# Recorded information
────────────────────────────────────────

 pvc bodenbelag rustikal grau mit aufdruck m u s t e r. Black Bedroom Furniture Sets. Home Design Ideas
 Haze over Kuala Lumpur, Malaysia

────────────────────────────────────────

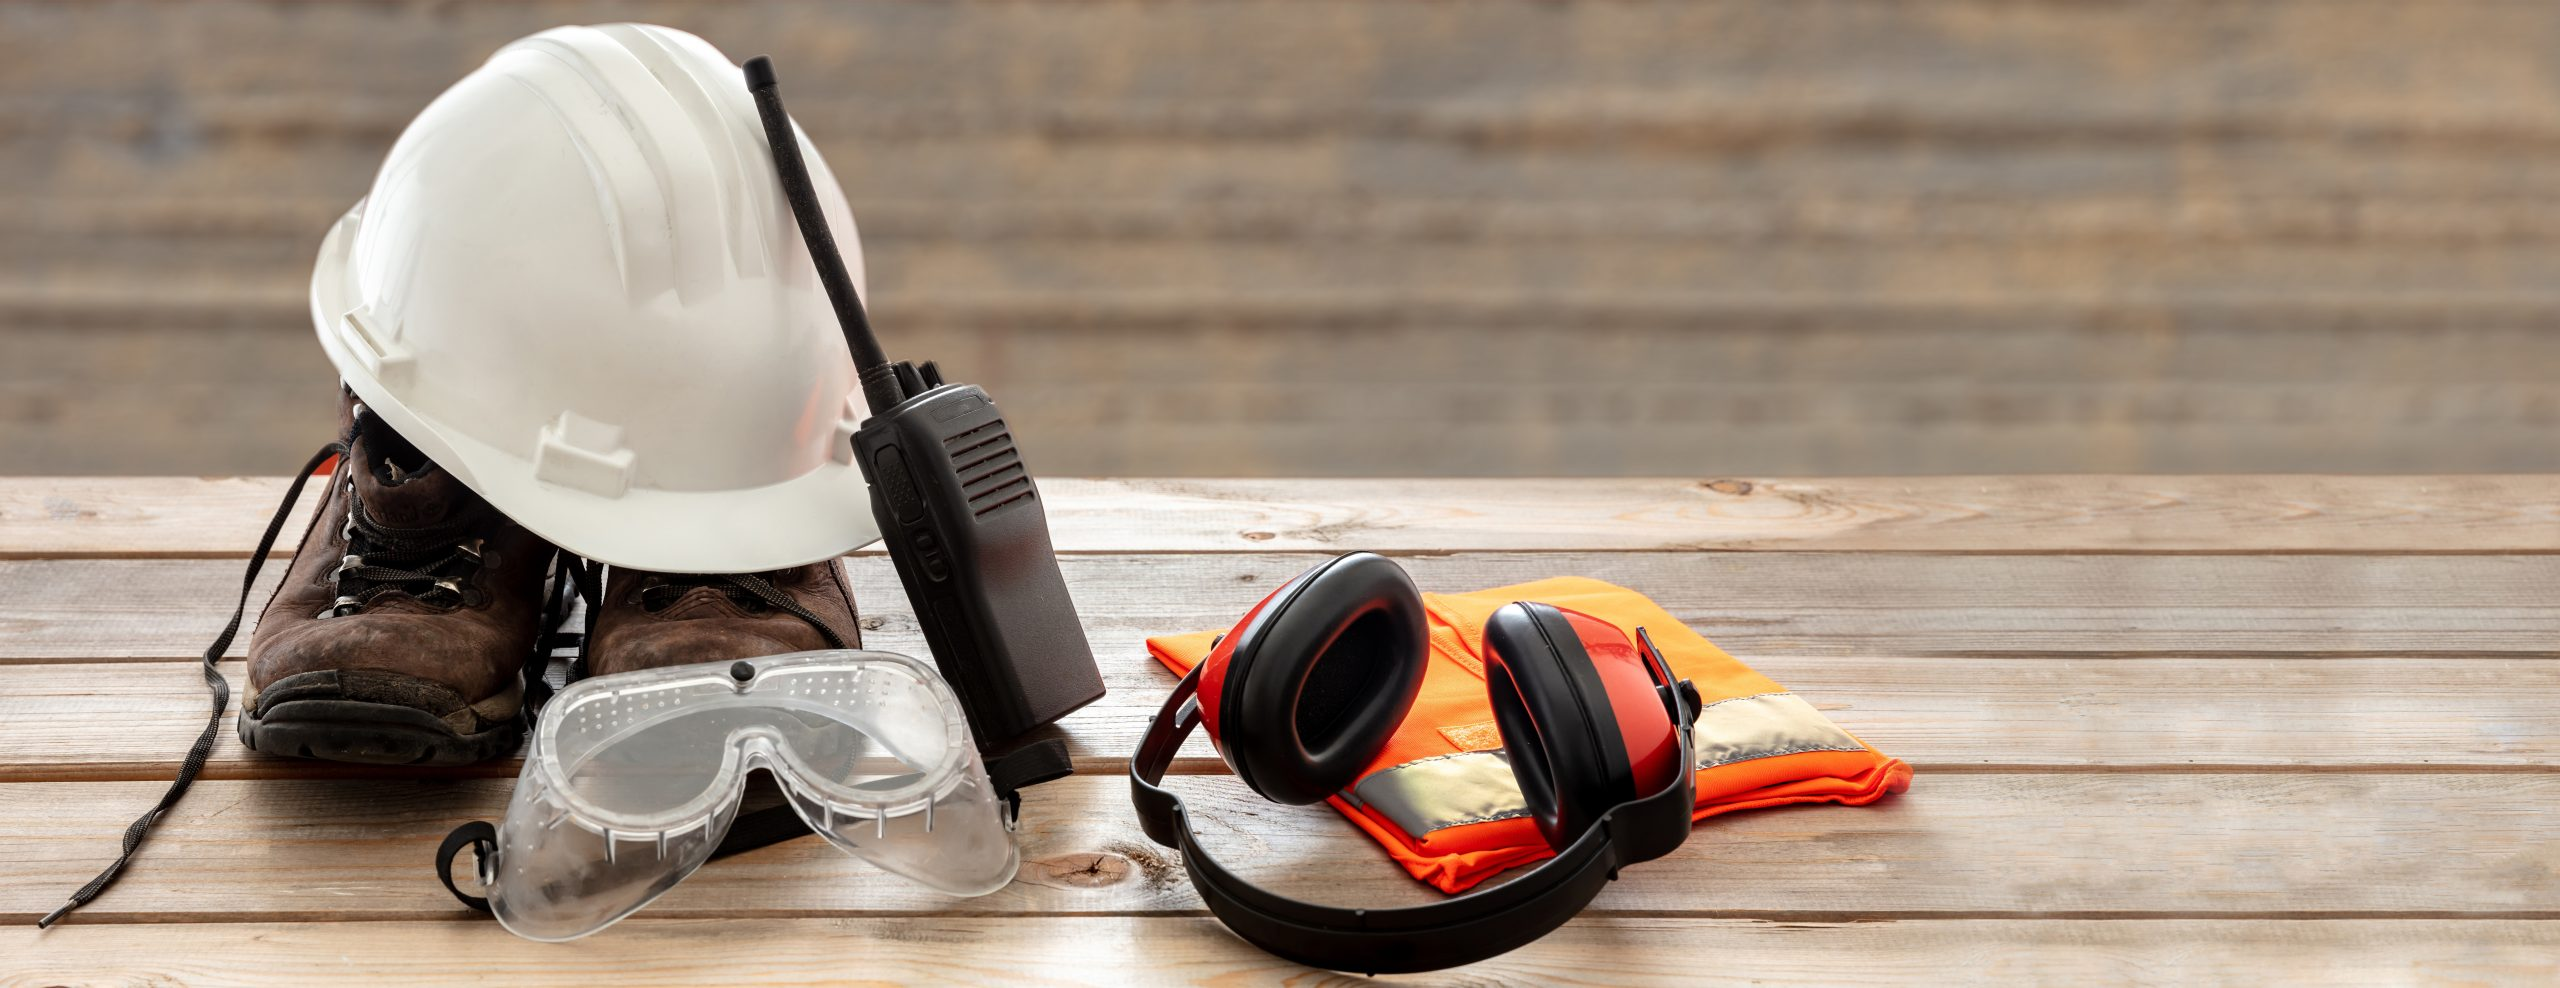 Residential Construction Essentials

────────────────────────────────────────

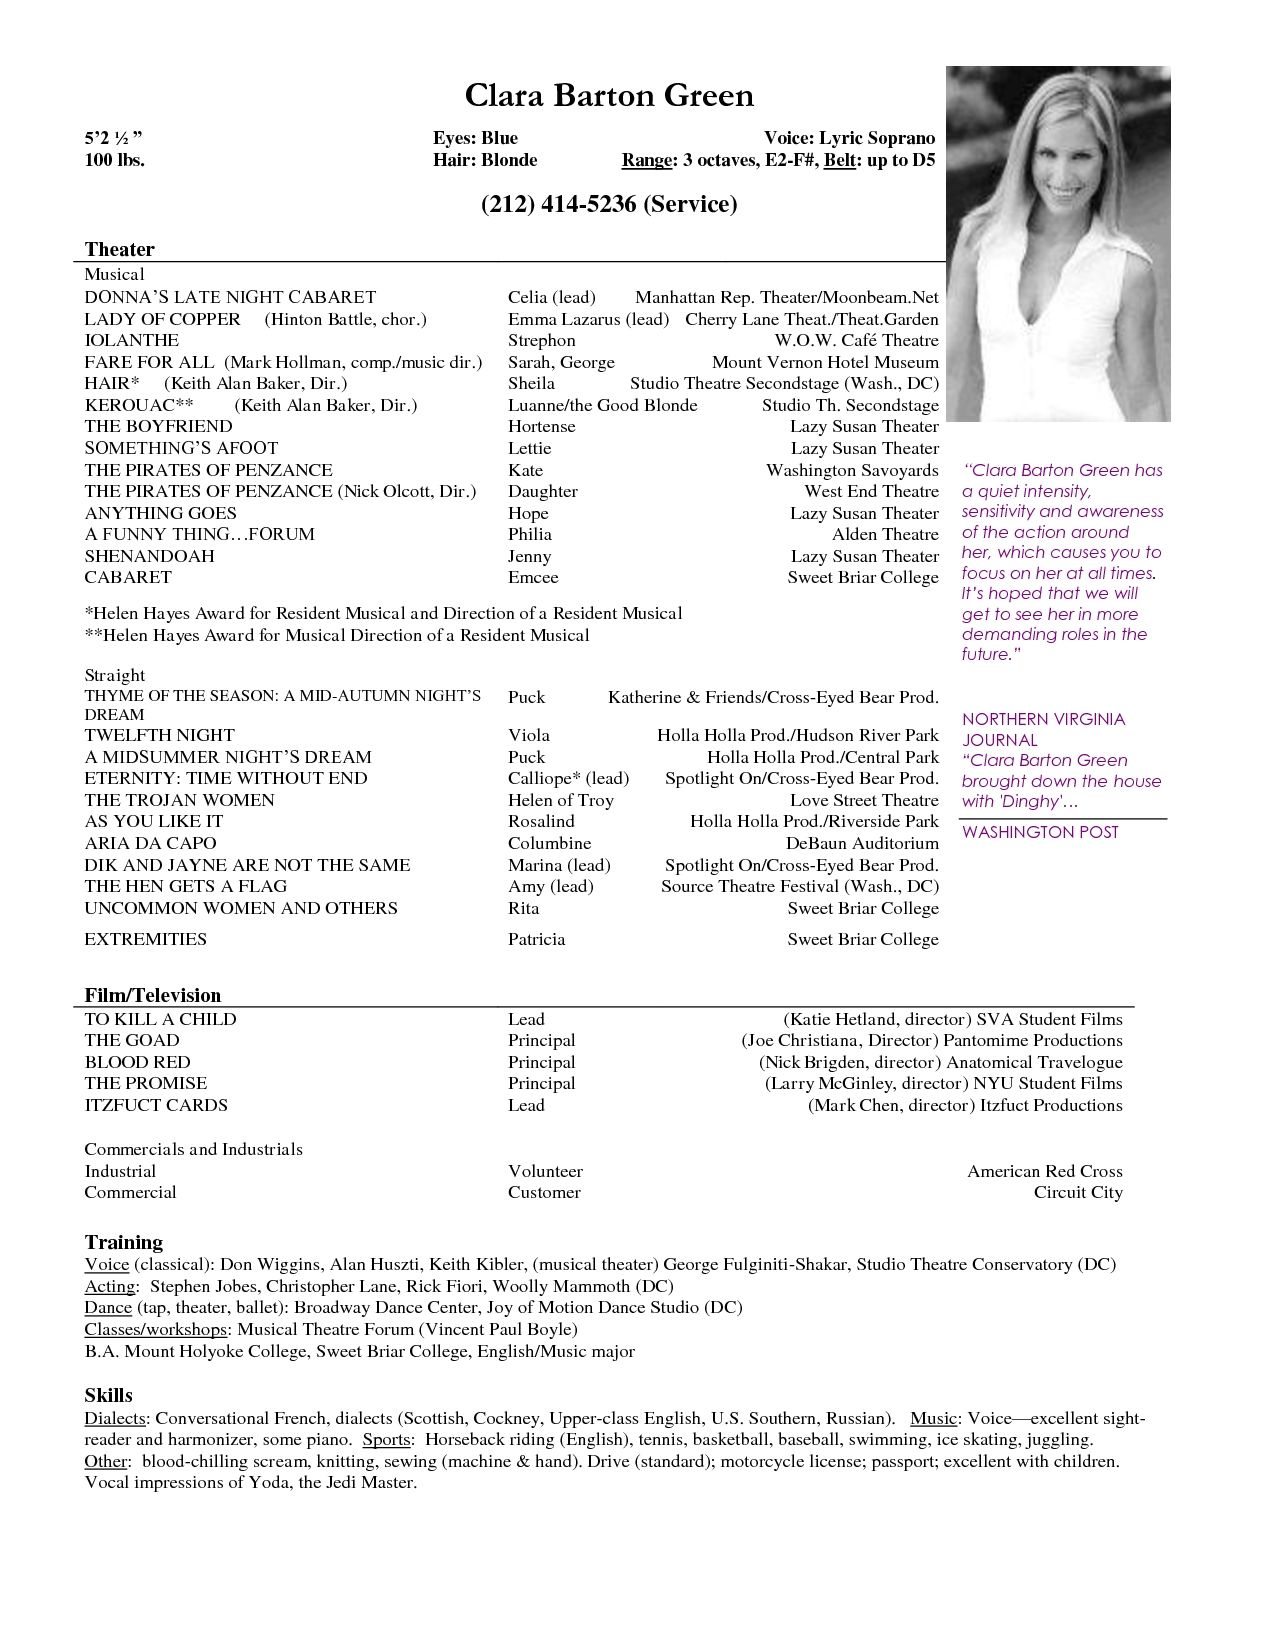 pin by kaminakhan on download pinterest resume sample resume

────────────────────────────────────────

# Problem requirements
Reproduce, character for character, only the lines of the preceding data that start at the line with "pvc bodenbelag rustikal" and end at the line with "Haze over Kuala Lumpur, Malaysia", both included.

# Task answer
 pvc bodenbelag rustikal grau mit aufdruck m u s t e r. Black Bedroom Furniture Sets. Home Design Ideas
 Haze over Kuala Lumpur, Malaysia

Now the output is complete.